Oral administration of human T-cell leukemia virus type 1 induces immune unresponsiveness with persistent infection in adult rats

Abstract

The major route of human T-cell leukemia virus type 1 (HTLV-1) infection is mother-to-child transmission caused by breast-feeding. We investigated the host immune responses to orally established persistent HTLV-1 infection in adult rats. HTLV-1-producing MT-2 cells were inoculated into immunocompetent adult rats either orally, intravenously, or intraperitoneally. HTLV-1 proviruses were detected in the peripheral blood and several organs for at least 12 weeks. Transmission of HTLV-1 to these animals was confirmed by analysis of HTLV-1 flanking regions. Despite persistent HTLV-1 presence, none of the orally inoculated rats produced detectable levels of anti-HTLV-1 antibodies, whereas all intravenously or intraperitoneally inoculated rats showed significant anti-HTLV-1 antibody responses. T-cell proliferative responses against HTLV-1 were also absent in orally inoculated rats. Our findings suggest that gastrointestinal exposure of adult rats to HTLV-1-infected cells induces persistent HTLV-1 infection in the absence of both humoral and cellular immune responses against HTLV-1. This immune unresponsiveness at primary infection may subsequently affect the host defense ability against HTLV-1.

FIG. 1

Oral inoculation of HTLV-1 failed to induce antibody responses in rats. HTLV-1-producing MT-2 cells were inoculated orally (■), intravenously (▴), and intraperitoneally (•) into four, six, and three F344/N Jcl-rnu/+ rats, respectively. The anti-HTLV-1 antibody titers in the sera of these animals were determined by the particle agglutination method. Data are the averages of the titers ± standard deviations for each group. 2ⁿ, log₂.

FIG. 2

Detection of HTLV-1 provirus in orally inoculated rats by nested PCR amplifications with HTLV-1 pX (A)- and gag (B)-specific primers. (A) Tissue distribution of HTLV-1 in two orally inoculated rats, E3 (top) and E4 (bottom), at 3 months after inoculation. The presence of HTLV-1 provirus in 0.5 μg of DNA extracted from each indicated organ tissue was assessed by the nested PCR method.
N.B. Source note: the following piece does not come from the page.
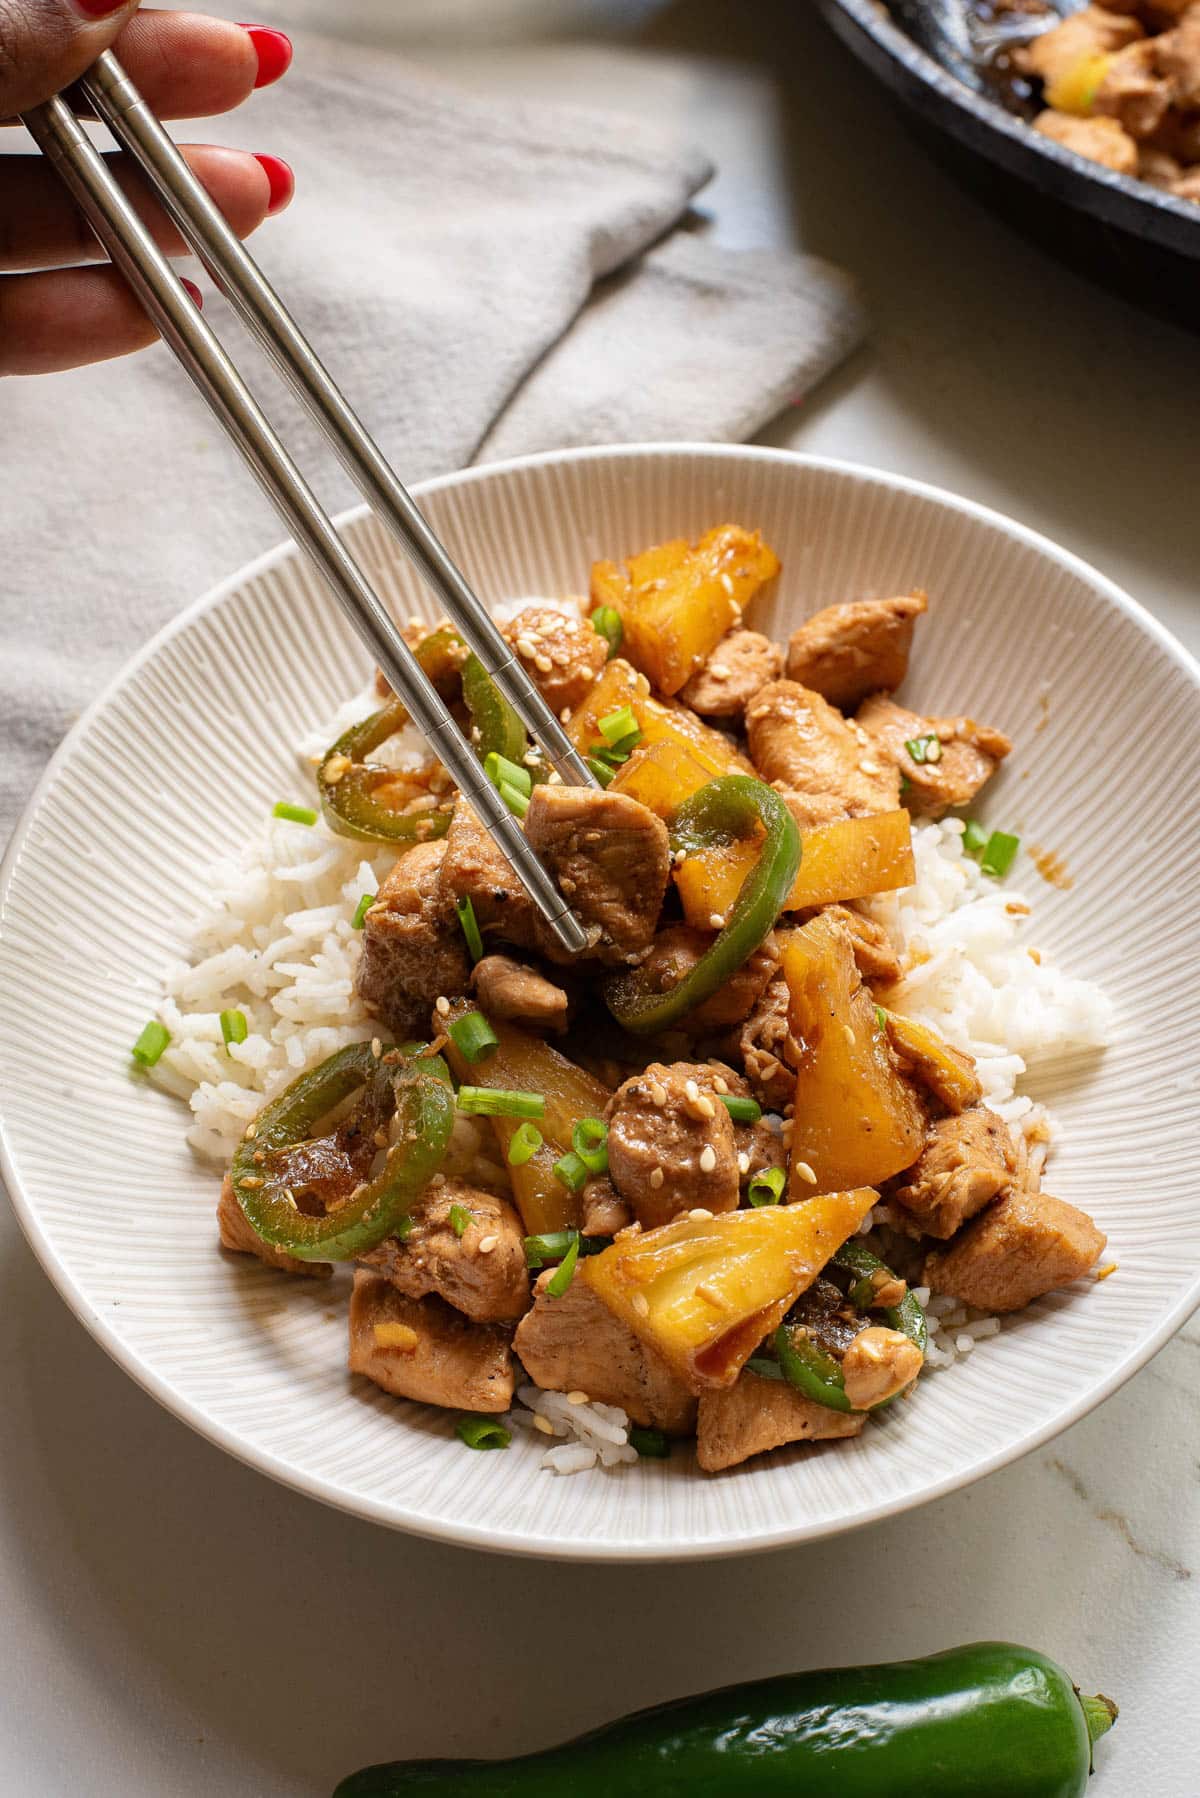 Chicken, pineapple, and jalapenos over white rice in white bowl.
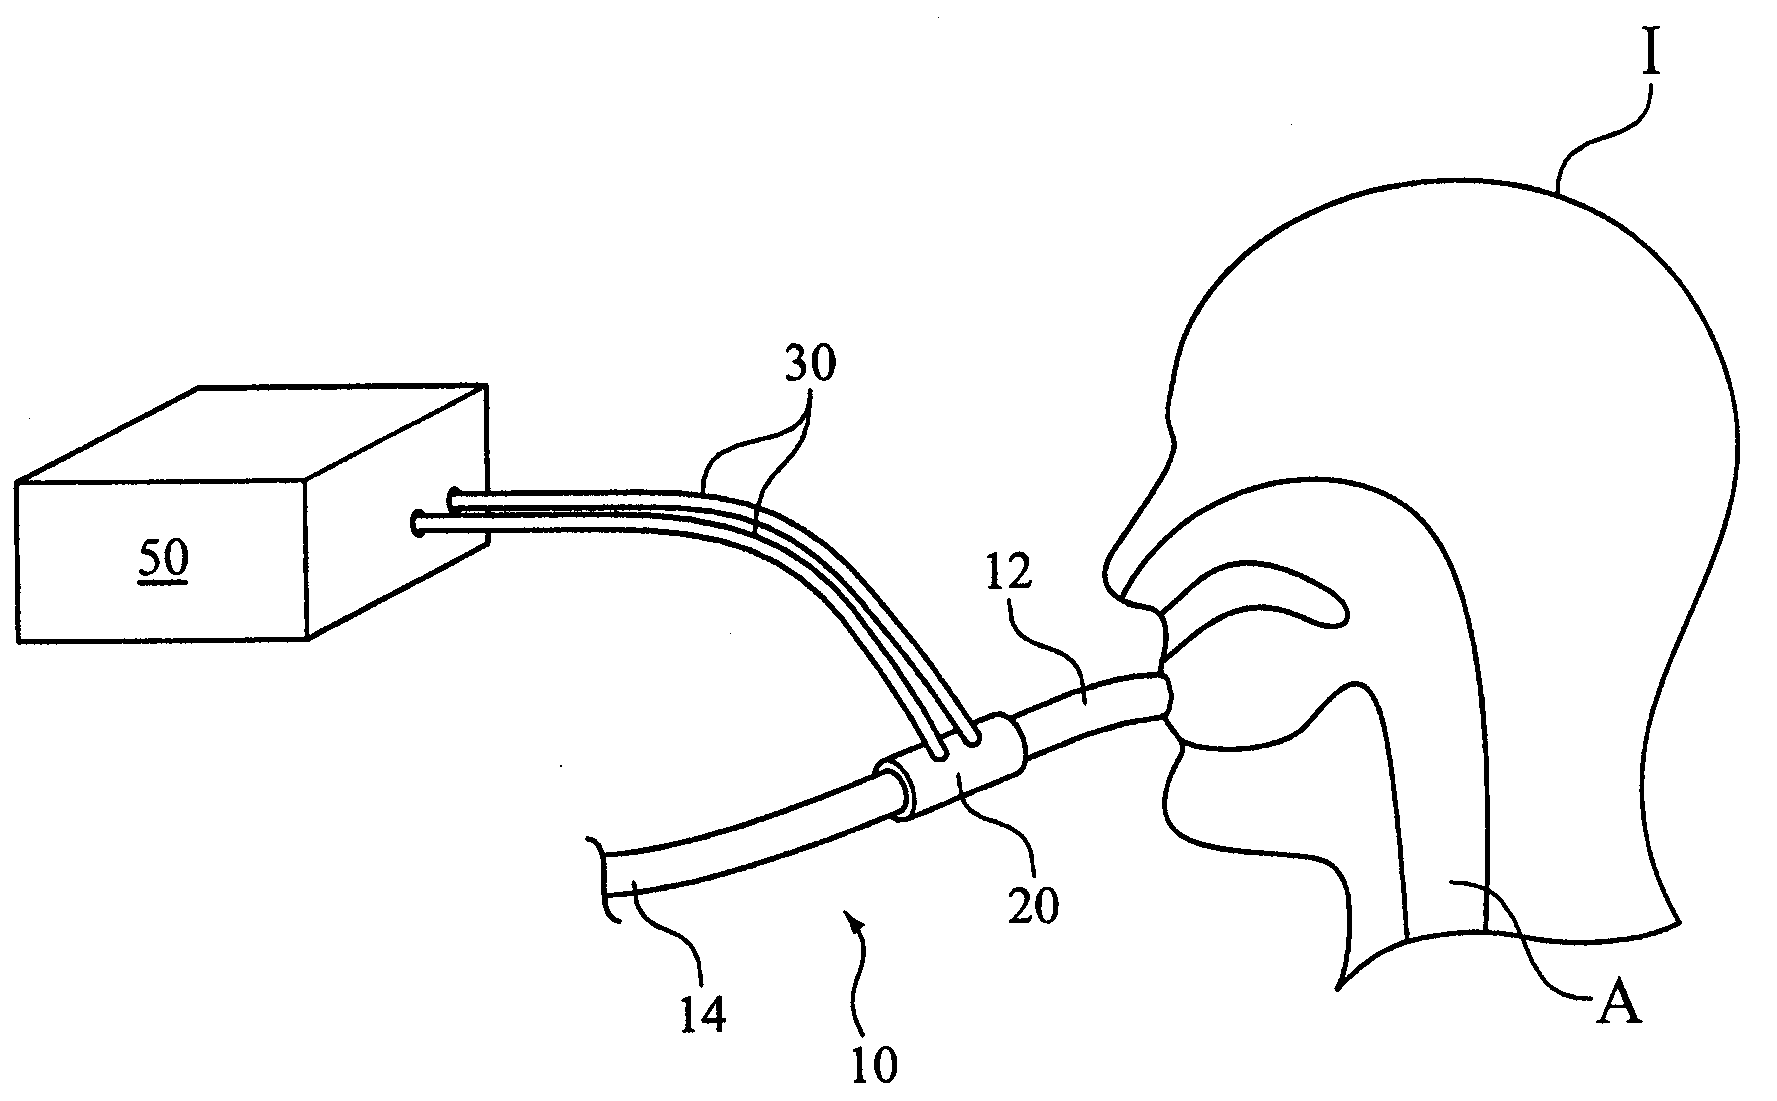 Electro-Pneumatic Assembly for Use in a Respiratory Measurement System

Rat glyceraldehyde-3-phosphate dehydrogenase (GAPDH) primers were used as an internal control. (B) DNAs (0.5 μg) from lymph nodes and peripheral blood mononuclear cells of orally inoculated rat E3 (lanes 1 and 2, respectively) and rat E4 (lanes 3 and 4, respectively) were used as templates for the nested PCR method.

FIG. 3

Lack of MT-2 cell-specific HTLV-1 flanking regions in orally inoculated rats. DNA (0.5 ng) of MT-2 cells (lane 1) and DNAs (0.5 μg) of submandibular glands of orally inoculated rat E3 (lane 2) and rat E4 (lane 3) were used as templates for nested PCR amplifications with primers amplifying the HTLV-1 flanking region of MT-2 cells (top) and primers amplifying the HTLV-1 pX region (bottom).

FIG. 4

T-cell proliferative responses against HTLV-1 antigens in inoculated rats. T-cell-enriched spleen cells from NC (naive control), E2 (orally inoculated), D6 (intravenously inoculated), and G4 (intraperitoneally inoculated) rats were incubated in the presence (solid bars) or absence (open bars) of formalin-treated syngeneic rat HTLV-1-infected cells, FPM-1, and thymidine incorporated into cells was measured. PHA was used as a positive control (hatched bars). Data represent the mean counts per minute of triplicate cultures ± standard deviations.